● Work to be completed:
Look below for the line containing "SIMAX3D® 3Pcs Heating" and the line containing "A small brown-orange"; repeat exactly those two lines and all lines between them, and nothing else.

● Records to process:
______________________________

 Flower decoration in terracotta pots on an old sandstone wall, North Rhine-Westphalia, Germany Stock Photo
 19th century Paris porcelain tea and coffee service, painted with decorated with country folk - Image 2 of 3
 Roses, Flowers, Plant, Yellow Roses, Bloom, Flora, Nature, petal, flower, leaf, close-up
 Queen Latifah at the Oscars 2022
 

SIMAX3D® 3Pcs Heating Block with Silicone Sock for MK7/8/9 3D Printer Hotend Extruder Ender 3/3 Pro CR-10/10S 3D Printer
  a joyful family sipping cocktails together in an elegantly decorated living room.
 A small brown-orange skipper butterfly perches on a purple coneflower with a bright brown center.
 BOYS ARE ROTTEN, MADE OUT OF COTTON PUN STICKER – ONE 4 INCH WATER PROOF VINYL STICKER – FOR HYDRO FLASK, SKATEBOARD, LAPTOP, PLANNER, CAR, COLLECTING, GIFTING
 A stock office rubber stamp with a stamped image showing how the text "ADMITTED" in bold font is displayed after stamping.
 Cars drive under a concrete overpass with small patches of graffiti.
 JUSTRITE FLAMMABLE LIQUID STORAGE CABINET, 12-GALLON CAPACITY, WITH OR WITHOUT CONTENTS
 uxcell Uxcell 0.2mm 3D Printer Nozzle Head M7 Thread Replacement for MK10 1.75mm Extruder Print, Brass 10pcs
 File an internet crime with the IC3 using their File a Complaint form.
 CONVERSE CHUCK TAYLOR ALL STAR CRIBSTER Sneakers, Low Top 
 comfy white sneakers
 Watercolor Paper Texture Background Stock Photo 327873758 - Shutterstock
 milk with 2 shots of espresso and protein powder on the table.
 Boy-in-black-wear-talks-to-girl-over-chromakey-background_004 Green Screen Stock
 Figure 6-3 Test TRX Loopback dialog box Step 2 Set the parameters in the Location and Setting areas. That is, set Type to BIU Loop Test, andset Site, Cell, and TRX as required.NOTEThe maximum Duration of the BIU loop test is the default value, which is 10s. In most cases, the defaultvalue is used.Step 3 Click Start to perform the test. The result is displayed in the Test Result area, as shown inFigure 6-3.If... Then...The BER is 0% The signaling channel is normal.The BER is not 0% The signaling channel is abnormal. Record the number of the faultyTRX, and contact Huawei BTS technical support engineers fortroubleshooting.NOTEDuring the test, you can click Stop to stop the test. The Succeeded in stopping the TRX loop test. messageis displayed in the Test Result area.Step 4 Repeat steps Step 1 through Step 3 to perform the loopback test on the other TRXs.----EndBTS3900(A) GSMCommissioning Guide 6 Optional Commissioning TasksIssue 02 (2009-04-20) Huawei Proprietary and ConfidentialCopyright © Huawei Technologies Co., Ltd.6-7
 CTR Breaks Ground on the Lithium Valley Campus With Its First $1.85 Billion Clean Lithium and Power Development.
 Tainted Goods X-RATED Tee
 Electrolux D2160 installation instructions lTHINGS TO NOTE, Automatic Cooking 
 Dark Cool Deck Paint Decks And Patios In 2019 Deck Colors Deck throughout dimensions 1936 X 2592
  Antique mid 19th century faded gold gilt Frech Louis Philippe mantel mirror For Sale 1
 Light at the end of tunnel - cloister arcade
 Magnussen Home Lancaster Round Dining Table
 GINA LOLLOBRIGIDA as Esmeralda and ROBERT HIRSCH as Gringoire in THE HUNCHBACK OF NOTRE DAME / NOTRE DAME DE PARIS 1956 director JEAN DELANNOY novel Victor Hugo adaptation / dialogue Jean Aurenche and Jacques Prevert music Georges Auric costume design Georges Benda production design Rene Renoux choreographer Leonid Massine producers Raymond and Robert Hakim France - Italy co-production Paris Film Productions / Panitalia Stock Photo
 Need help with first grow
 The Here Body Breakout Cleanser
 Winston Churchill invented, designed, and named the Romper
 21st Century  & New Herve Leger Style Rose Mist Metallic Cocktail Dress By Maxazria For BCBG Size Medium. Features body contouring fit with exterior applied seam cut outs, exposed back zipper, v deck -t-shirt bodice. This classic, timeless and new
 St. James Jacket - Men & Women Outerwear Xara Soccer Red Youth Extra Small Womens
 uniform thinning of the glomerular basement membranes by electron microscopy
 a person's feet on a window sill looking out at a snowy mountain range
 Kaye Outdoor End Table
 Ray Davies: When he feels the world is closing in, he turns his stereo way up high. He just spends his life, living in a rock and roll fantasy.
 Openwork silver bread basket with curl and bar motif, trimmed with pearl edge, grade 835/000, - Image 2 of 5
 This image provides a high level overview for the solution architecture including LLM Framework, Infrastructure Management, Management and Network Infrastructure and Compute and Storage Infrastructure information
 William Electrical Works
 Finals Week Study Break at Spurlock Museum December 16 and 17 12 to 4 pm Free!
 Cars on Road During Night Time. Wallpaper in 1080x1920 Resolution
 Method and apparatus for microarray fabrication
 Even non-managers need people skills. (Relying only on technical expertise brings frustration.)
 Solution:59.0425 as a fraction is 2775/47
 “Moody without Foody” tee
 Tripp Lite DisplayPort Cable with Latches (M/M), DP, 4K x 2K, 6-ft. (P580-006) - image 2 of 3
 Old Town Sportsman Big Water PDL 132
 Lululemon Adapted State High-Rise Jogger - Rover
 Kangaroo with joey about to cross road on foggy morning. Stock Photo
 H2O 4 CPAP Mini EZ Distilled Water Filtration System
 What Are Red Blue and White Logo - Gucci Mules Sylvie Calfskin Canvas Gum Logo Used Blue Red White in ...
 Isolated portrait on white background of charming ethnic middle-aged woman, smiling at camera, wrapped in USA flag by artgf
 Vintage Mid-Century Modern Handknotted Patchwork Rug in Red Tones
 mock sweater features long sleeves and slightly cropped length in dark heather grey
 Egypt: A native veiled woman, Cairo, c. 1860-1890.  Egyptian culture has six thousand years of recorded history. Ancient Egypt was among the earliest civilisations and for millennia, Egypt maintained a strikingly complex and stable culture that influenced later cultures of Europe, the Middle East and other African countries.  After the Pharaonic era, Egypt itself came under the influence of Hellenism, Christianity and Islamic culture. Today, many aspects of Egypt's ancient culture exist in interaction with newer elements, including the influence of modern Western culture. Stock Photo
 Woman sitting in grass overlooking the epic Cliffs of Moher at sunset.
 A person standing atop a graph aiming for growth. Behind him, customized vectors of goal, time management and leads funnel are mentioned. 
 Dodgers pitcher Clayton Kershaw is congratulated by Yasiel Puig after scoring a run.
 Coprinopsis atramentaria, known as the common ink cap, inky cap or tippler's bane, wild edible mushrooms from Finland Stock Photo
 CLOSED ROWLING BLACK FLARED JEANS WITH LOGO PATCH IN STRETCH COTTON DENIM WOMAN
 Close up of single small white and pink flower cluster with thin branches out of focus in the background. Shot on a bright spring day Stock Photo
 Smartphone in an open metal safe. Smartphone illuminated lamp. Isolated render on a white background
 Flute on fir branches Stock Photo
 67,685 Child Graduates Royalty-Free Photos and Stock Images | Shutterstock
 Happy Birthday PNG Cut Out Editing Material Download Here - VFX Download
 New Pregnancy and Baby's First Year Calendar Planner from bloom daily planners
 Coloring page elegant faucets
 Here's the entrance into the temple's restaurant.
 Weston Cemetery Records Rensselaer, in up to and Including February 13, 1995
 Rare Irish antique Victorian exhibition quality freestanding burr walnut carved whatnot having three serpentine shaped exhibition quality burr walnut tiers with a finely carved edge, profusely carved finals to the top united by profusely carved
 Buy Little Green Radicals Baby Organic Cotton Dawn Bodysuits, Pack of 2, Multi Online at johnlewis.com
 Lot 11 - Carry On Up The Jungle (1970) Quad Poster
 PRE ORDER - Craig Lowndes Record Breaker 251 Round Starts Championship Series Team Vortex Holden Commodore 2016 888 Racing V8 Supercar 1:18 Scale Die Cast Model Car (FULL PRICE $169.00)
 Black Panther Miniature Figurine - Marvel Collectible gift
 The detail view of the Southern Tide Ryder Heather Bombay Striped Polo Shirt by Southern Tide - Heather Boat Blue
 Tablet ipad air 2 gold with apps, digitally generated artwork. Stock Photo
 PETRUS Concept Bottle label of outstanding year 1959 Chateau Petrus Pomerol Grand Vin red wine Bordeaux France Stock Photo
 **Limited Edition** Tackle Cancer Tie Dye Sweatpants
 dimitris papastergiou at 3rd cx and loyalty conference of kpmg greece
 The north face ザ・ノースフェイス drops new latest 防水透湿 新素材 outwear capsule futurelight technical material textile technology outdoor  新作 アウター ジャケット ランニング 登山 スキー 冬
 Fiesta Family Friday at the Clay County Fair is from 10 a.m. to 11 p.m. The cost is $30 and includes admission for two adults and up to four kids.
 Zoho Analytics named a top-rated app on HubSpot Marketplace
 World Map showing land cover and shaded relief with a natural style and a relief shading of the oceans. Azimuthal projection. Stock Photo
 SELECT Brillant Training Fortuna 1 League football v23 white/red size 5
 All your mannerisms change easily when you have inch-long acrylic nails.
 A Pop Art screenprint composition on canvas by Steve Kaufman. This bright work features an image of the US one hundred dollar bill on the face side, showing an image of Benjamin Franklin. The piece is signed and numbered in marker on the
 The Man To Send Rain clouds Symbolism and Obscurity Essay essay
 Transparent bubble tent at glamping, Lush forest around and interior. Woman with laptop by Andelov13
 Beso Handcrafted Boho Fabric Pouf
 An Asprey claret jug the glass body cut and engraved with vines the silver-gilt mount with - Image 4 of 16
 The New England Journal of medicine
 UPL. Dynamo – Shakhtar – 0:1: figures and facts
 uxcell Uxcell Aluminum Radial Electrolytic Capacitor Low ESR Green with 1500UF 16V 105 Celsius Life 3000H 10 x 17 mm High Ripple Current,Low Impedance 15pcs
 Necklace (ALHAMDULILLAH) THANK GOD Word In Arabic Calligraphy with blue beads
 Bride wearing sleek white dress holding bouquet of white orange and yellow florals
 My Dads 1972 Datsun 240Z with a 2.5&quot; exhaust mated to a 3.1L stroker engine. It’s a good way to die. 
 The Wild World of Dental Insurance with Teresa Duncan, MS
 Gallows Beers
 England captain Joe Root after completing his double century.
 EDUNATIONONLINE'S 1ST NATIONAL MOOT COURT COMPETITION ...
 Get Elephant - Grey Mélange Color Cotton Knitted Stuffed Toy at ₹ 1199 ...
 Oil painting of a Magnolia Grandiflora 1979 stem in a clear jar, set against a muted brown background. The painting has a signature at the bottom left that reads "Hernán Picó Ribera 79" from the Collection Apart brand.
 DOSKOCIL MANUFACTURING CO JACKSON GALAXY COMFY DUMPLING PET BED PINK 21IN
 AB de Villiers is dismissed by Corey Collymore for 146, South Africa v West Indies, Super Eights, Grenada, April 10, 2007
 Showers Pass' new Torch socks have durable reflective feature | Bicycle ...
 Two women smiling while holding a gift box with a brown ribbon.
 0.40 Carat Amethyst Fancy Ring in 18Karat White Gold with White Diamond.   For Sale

______________________________

● Response area:
SIMAX3D® 3Pcs Heating Block with Silicone Sock for MK7/8/9 3D Printer Hotend Extruder Ender 3/3 Pro CR-10/10S 3D Printer
  a joyful family sipping cocktails together in an elegantly decorated living room.
 A small brown-orange skipper butterfly perches on a purple coneflower with a bright brown center.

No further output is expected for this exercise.